## Task details:
The answer is all of the data repeated exactly, with each picture omitted.

## Collected material:
■ ■ ■

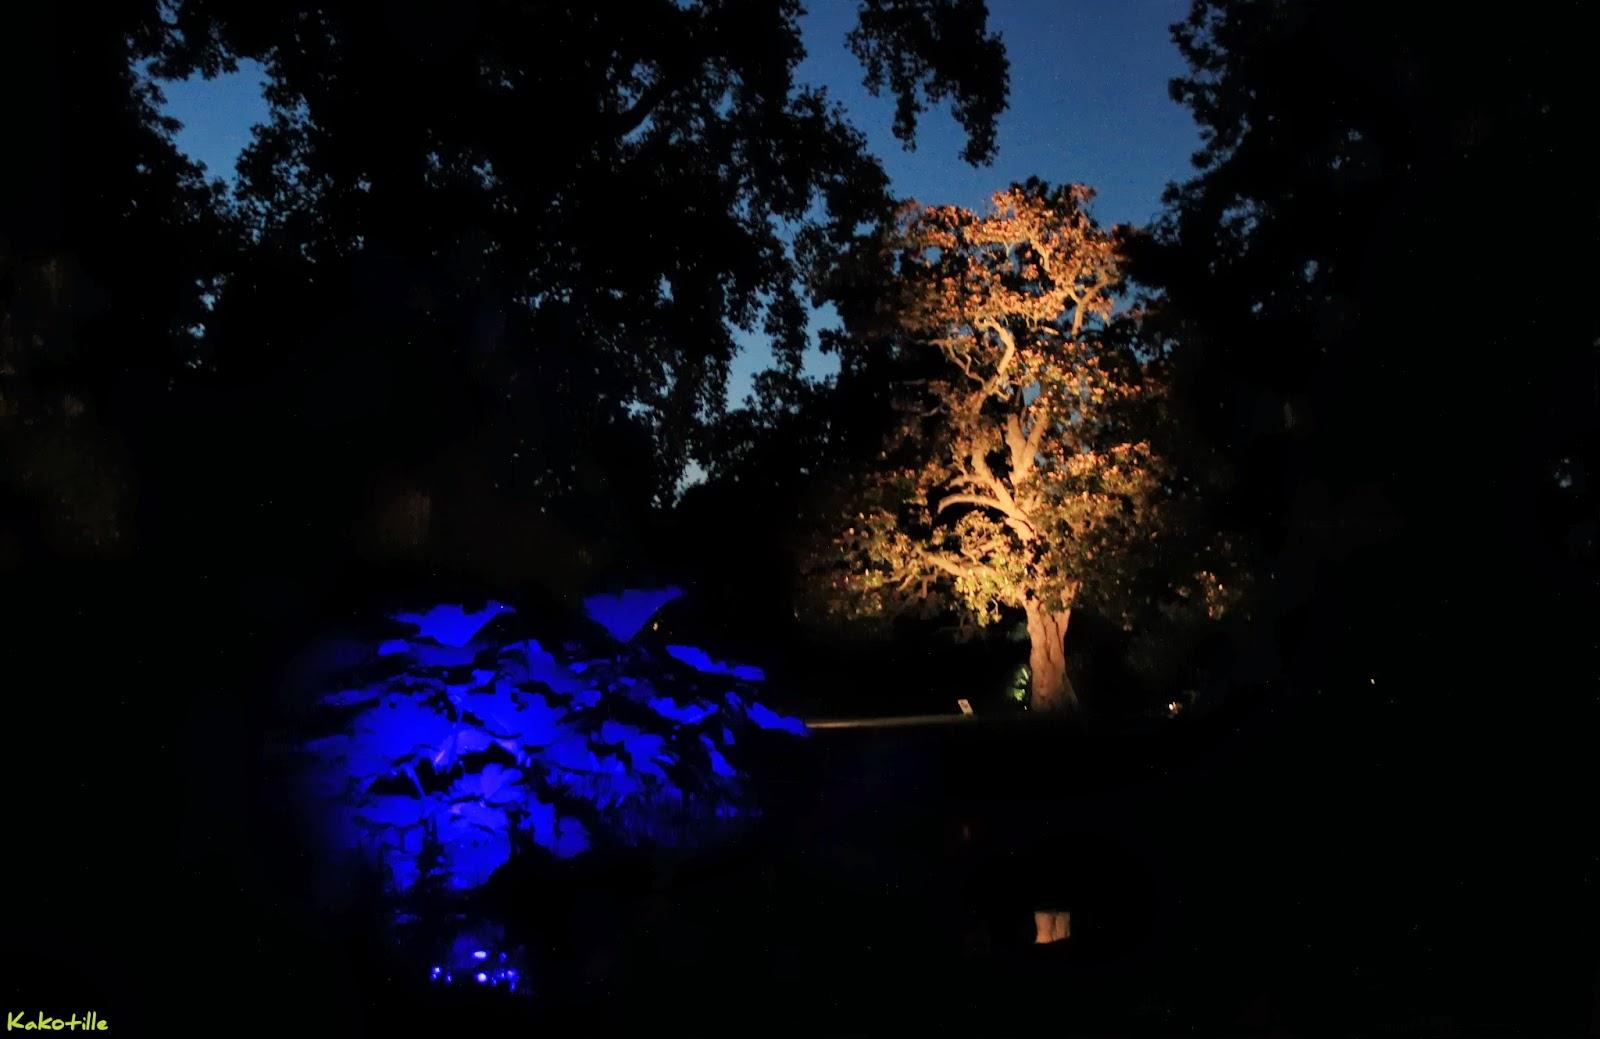 Maillalenvers le voyage nantes 2013 la nuit f rique de ponti for Jardin des plantes nantes de nuit
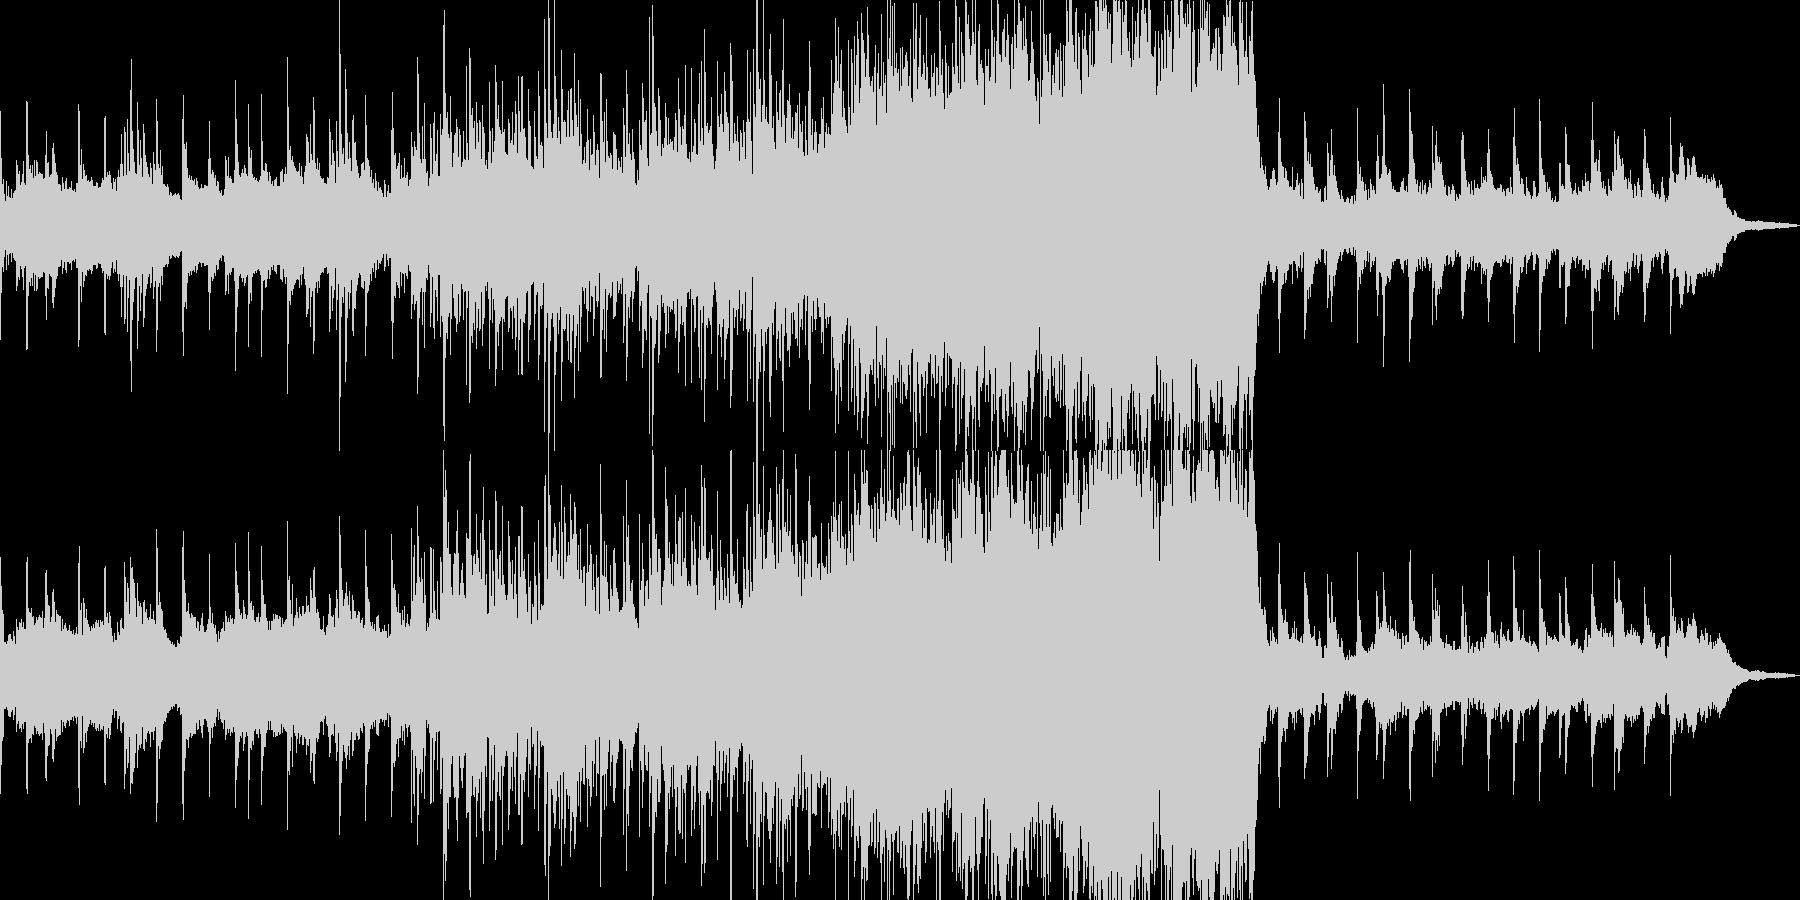 現代の交響曲 感情的 バラード 厳...の未再生の波形
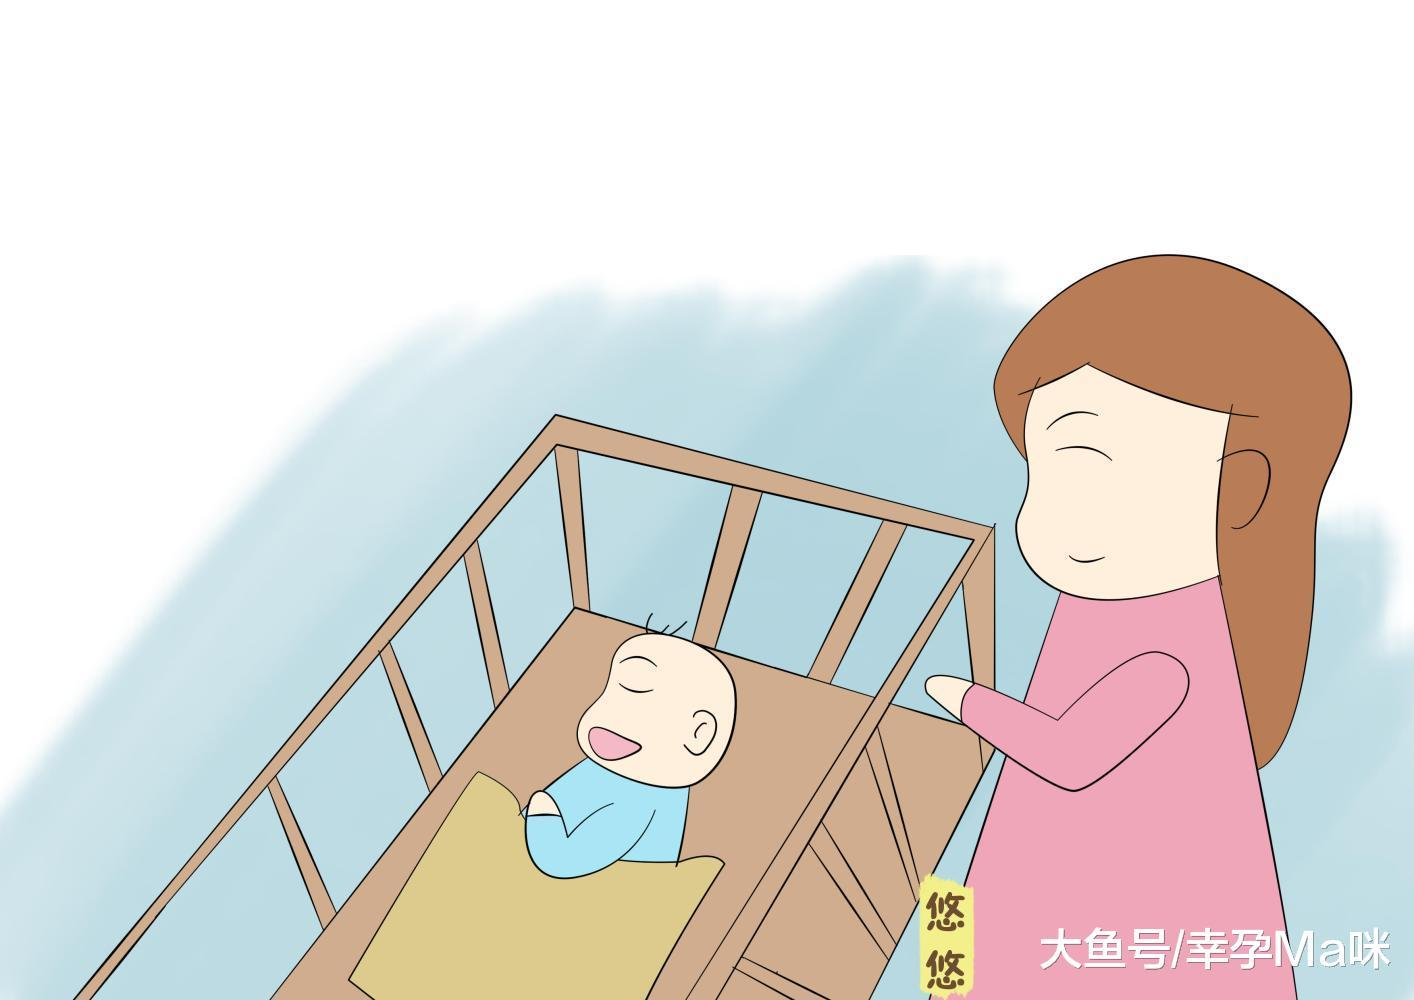 很少生病的宝宝, 多来自这4种家庭, 找找差别在哪

■ ■ ■

## Reply:
 Maillalenvers le voyage nantes 2013 la nuit f rique de ponti for Jardin des plantes nantes de nuit
 現代の交響曲 感情的 バラード 厳...の未再生の波形
 很少生病的宝宝, 多来自这4种家庭, 找找差别在哪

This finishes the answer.